Нельзя сказать, что все единодушно приняли релятивистскую ядерную физику. Некоторые полагали, что переход к изучению релятивистской ядерной физики есть "сползание от физики частиц к ядерной физике" [14. С. 42]. Балдин же в течение первых нескольких лет упорно доказывал состоятельность нового направления и был убежден, что оно ещё себя покажет. Возражая скептикам, он говорил, во-первых, «очень трудно указать такую проблему физики элементарных частиц, которую нельзя было бы изучать с помощью релятивистских ядер.
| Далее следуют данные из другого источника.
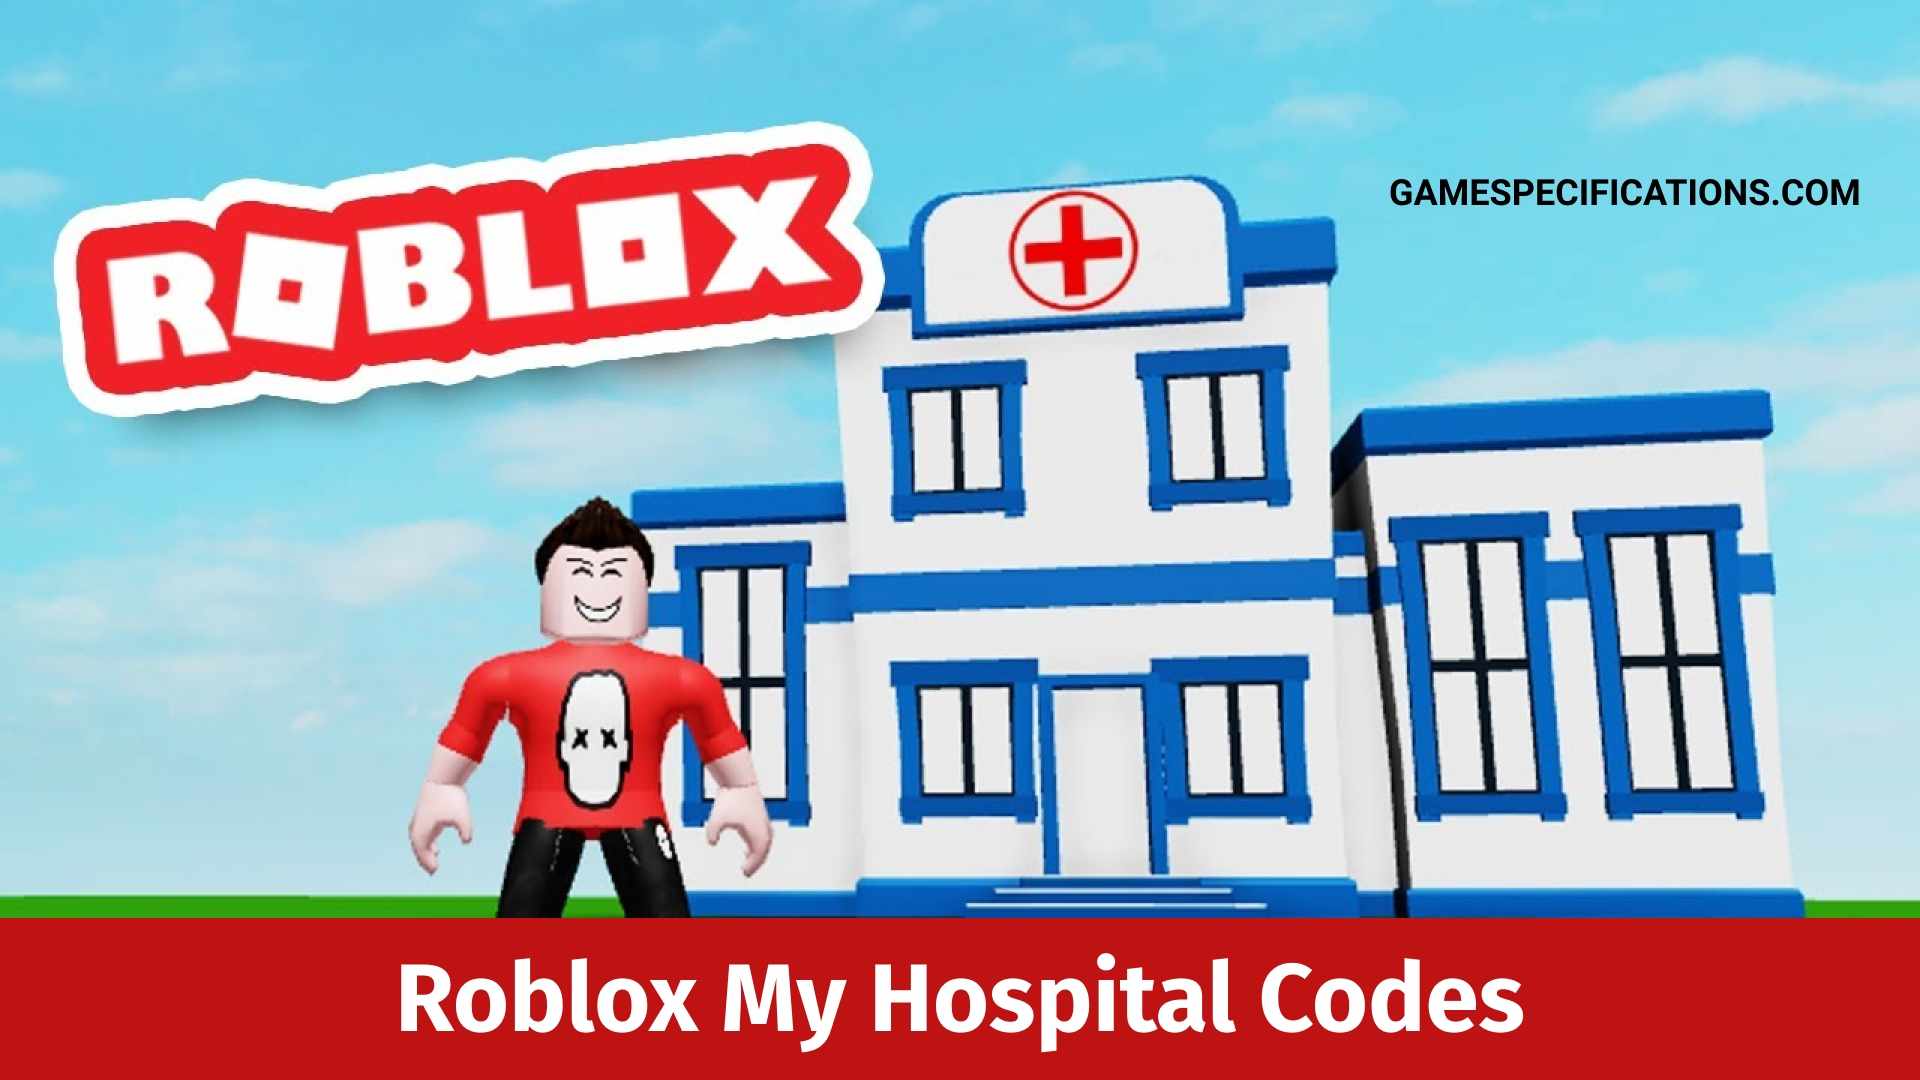 Roblox My Hospital Codes July 2021 Game Specifications - my activation code for roblox cash got ruined

Во-вторых, хорошая ядерная физика много лучше плохой физики высоких энергий» [14. С. 42].

Для укрепления позиций нового направления Балдин организовал ежегодный международный семинар, который получил неофициальное название "Балдинская осень". После смерти Балдина в 2001 году этому семинару под названием «Релятивистская ядерная физика и квантовая хромодинамика» было присвоено имя А.М. Балдина. Сейчас он проводится один раз в два года. Релятивисткой ядерной физикой начали заниматься в США, Франции, Японии.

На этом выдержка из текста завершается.